The Transformer architecture [41], originally designed for NLP tasks, has been adapted to various computer vision problems, including pose estimation. Its ability to capture long-range dependencies and its innate self-attention mechanism make it a promising candidate for this domain. However, a sole reliance on global attention mechanisms, as employed by standard Transformers, may not be optimal for pose estimation tasks. Human motion is inherently structured with local spatial and temporal dependencies.

One primary concern is the modeling of skeleton relations over time. Existing methods predominantly rely either on transformer architectures or graph-based models. While transformers excel at capturing long-term dependencies, graph models excel at local dependencies. So, there is an opportunity for a unified architecture that integrates the global perspective of transformers with the local precision of graph models.

Additionally, the race for achieving SOTA accuracy has often led to the development of increasingly complex models with a large number of parameters. Such models, despite their good accuracy, often become impractical for real-world applications where computational efficiency and swift response times are pivotal. Moreover, a predominant approach in recent models has been the prediction of a single 3D pose only for the central frame from a sequence of frames. This method, while seemingly efficient, leads to computational redundancy as it requires the reprocessing of several overlapping sequences. As a result, we instead employ a streamlined inference strategy that optimally exploits sequential data. This approach minimizes redundancy by predicting the complete 3D sequence of the input at a single forward pass.

In this paper, we introduce the MotionAGFormer, a novel transformer-graph hybrid architecture tailored for 3D human pose estimation. At its core, the MotionAGFormer harnesses the power of transformers to capture global information while simultaneously employing Graph Convolutional Networks (GCNs) to integrate local spatial and temporal relationships. We use an adaptive fusion to aggregate features from the transformer and graph streams. By doing so, we ensure a balanced and comprehensive representation of human motion, leading to enhanced accuracy in the 3D pose estimation (See Figure 1).

In summary, the main contributions of our paper are:

•

Novel Design: We propose the MotionAGFormer model, in which we introduce a new GCNFormer module that excels in representing local dependencies inherent in human pose sequences.
•

Efficiency and Flexibility: i) Our MotionAGFormer stands out due to its lightweight nature and faster speed with fewer parameters compared to previous SOTA methods, without compromising on accuracy. ii) Recognizing diverse needs, we offer different variants of MotionAGFormer, granting users the flexibility to make a balanced choice between accuracy and speed based on their specific requirements.
•

SOTA Performance: MotionAGFormer achieves SOTA on two challenging datasets, Human3.6M and MPI-INF-3DHP.

2 Related works

3D human pose estimation. Current approaches to tackle this problem can be understood from two perspectives. From one perspective, models can be categorized based on the input video, which can be either multi-view or monocular. Models that rely on multi-view inputs [48, 34, 7, 15, 35] necessitate the simultaneous use of multiple cameras from different angles, which can be less feasible in real-world scenarios. From another perspective, considering their methodology, these models can be categorized as either direct 3D estimation approaches or 2D-3D lifting approaches. Direct 3D estimation methods [31, 52, 39, 32] infer the joints in 3D coordinate from the video frames without any intermediate step. Inspired by the rapid development and availability of accurate 2D pose estimation models, more recently, 2D-3D lifting methods first use an off-the-shelf 2D pose detectors [4, 38, 28] then lift 2D coordinates to 3D space [51, 50, 53, 40, 47]. In this work, we are using 2D-3D lifting methods by having monocular video as the input.
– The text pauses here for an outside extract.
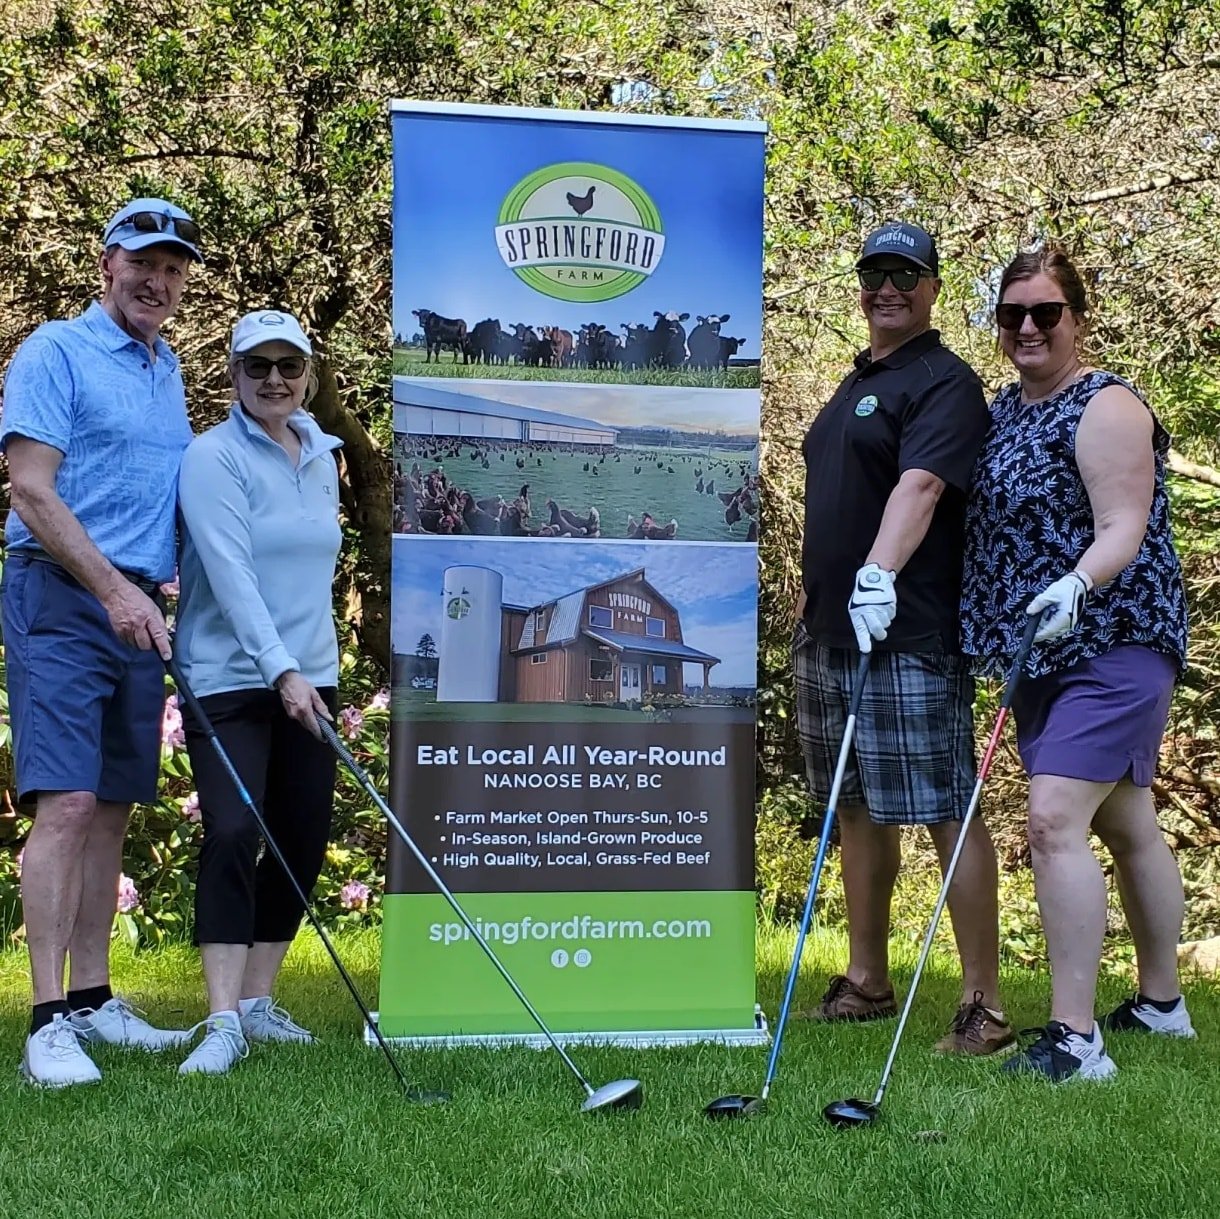 We had an awesome time at the Tee Off For NCS Charity Golf Tournament yesterday!! 🏌️
 
It was an honour to sponsor a hole, play alongside fantastic teams, and support such a meaningful cause in our community. The gorgeous weather was the cherry on t

Transformer-based methods. Transformers [41] have shown promising result in different visual tasks [10, 45, 37, 54]. In the field of 3D human pose estimation, PoseFormer [51] was the first purely transformer-based model. PoseFormerV2 [50] improved its computational efficacy by employing a frequency-domain representation that also made it robust against sudden movements in noisy data. MHFormer [20] addressed the problem of self-occlusion and depth ambiguity by proposing a module that learns multiple plausible pose hypotheses. P-STMO [36] proposed masked pose modeling and reduced the final error by self-supervised pretraining the model. Enfalt et al. [11] decreased the computational complexity by leveraging masked token modeling. StridedFormer [19] replaced fully-connected layers in the feed-forward network of the transformer encoder with strided convolutions to progressively shrink the sequence length and efficiently lift the central frame. Unlike the abovementioned models that estimate the 3D pose for only the center frame of a sequence, MixSTE [47] provided 3D estimates for every frame in the input sequence. STCFormer [40] decreased computational complexity by separating the correlation learning into spatial and temporal components. HSTFormer [33] proposed hierarchical transformer encoders for better capturing spatial-temporal correlations. In addition to joint-joint attention which is commonly used, HDFormer [3] included bone-joint and hyperbone-joint interactions. Some works exploited the output motion representation for various tasks. MotionBERT [53] fine-tuned the model learned for the task of 3D human pose estimation for tasks such as action recognition and 3D human mesh recovery, while UPS [12] trained a unified model for action recognition, 3D pose estimation, and early action prediction at the same time.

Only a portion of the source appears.